TSSB3M

Mining tool and large-scale datasets of single statement bug fixes in Python

View the Project on GitHub cedricrupb/TSSB3M

TSSB-3M: Mining single statement bugs at massive scale

Single statement bugs (and bug fixes) play a major role in the evaluation and design of automatic bug finders and program repair. With the recent advances in data-driven bug detection and repair, single statement bug fixes at the scale of millionth examples become more important than ever. For this reason, we are releasing three new datasets consisting of single statement changes and bug fixes from over 500K Python Git projects.

Deduplicated Datasets

We came to notice that our datasets contain a significant number of duplicate patches that were missed by our deduplication procedure. To mitigate this, we are releasing cleaned versions of TSSB-3M and SSB-9M:

The cleaned datasets are also available on Zenodo.

Datasets

To download our datasets, use:

All datasets are also available at Zenodo.

Main Takeaways

Datasets of single statement bugs such as ManySStuBs4J in Java or PySStuBs in Python have helped us a lot in our research. However, their size limited the upscaling of experiments and data analyses. Therefore, we are excited to release three new datasets several magnitudes larger than any existing bug collections. Here are our main takeaways for our datasets:

Dataset Info

In the following, we provide a closer look at the dataset statsistics of TSSB-3M and SSB-9M.
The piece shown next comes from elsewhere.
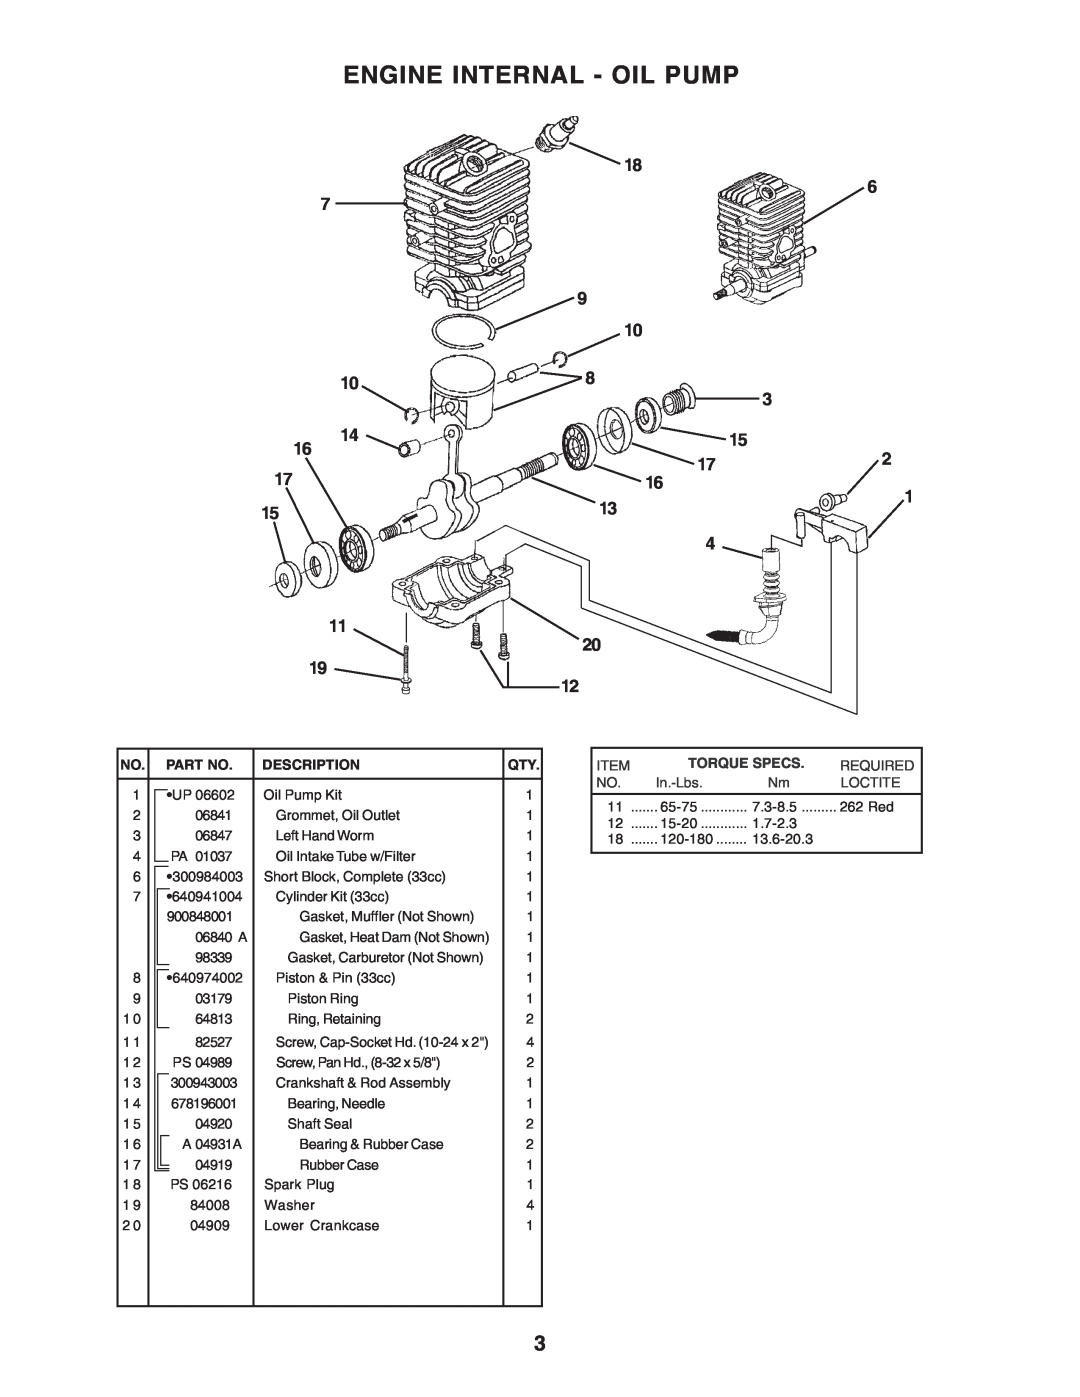 Homelite UT10901B manual Engine Internal - Oil Pump, Description, Screw, Cap-Socket Hd

Pattern Name TSSB-3M SSB-9M
Change Idenfier Used 237K 659K
Change Binary Operand 174K 349K
Same Function More Args 150K 457K
Wrong Function Name 134K 397K
Add Function Around Expression 117K 244K
Change Attribute Used 104K 285K
Change Numeric Literal 97K 275K
More Specific If 68K 121K
Add Method Call 60K 118K
Add Elements To Iterable 57K 175K
Same Function Less Args 50K 169K
Change Boolean Literal 37K 82K
Add Attribute Access 32K 74K
Change Binary Opertor 29K 71K
Same Function Wrong Caller 25K 46K
Less Specific If 22K 45K
Change Keyword Argument Used 20K 59K
Change Unary Operator 15K 23K
Same Function Swap Args 8K 77K
Change Constant Type 6K 12K

Some examples for Python bug fixes that are classified as SStuBs will be coming soon in our repository. Until then, ManySStuBs4J provides a nice overview of examples for Java.

NonSStuBs

Only around 40% of all single statement bugs in our datasets can be classified by a SStuB pattern (in one of the categories of the previous section). For this reason, we analysed the remaining single statement bugs in the TSSB-3M dataset.

NonSStub image

We found that NonSStuBs (i.e. bugs that do not classify as a SStuB) are actually quite similar to SStuBs. In the previous image, we compared the edit operations needed to fix a SStuB with the operations needed to fix a NonSStuB. We observed that most NonSStuB employ the same or similar operation types to fix a bug. Still, there exists some infrequent bugs (SStuB-unrelated) that are not covered by any SStuB category.

Complexity of a Bug-Fix

Most existing methods in automatic repair focus on bugs that can be fixed within a few edit operations. Therefore, we analyzed how many edit operations are needed in our TSSB-3M dataset.

Complexity image

The figure shows the distribution of the length of individual bug fixes. We find that most bugs can be fixed within a few edit operations (4-5 operations). However, there still exists bugs that require a much higher number of fix operations.

Typos

Humans commonly mistype during writting text. Since code is also written text, we expect that typos occur often in code and hence are also common for single statement bug fixes.

Typo image

In the shown image, we count how often a bug is fixed by inserting, removing or transposing up to two characters. Unsurprisingly, we found that typos occur often both in SSB-9M and TSSB-3M (atleast 20% of all bug fixes). In addition, they have a frequency for fixes that address identifiers or strings.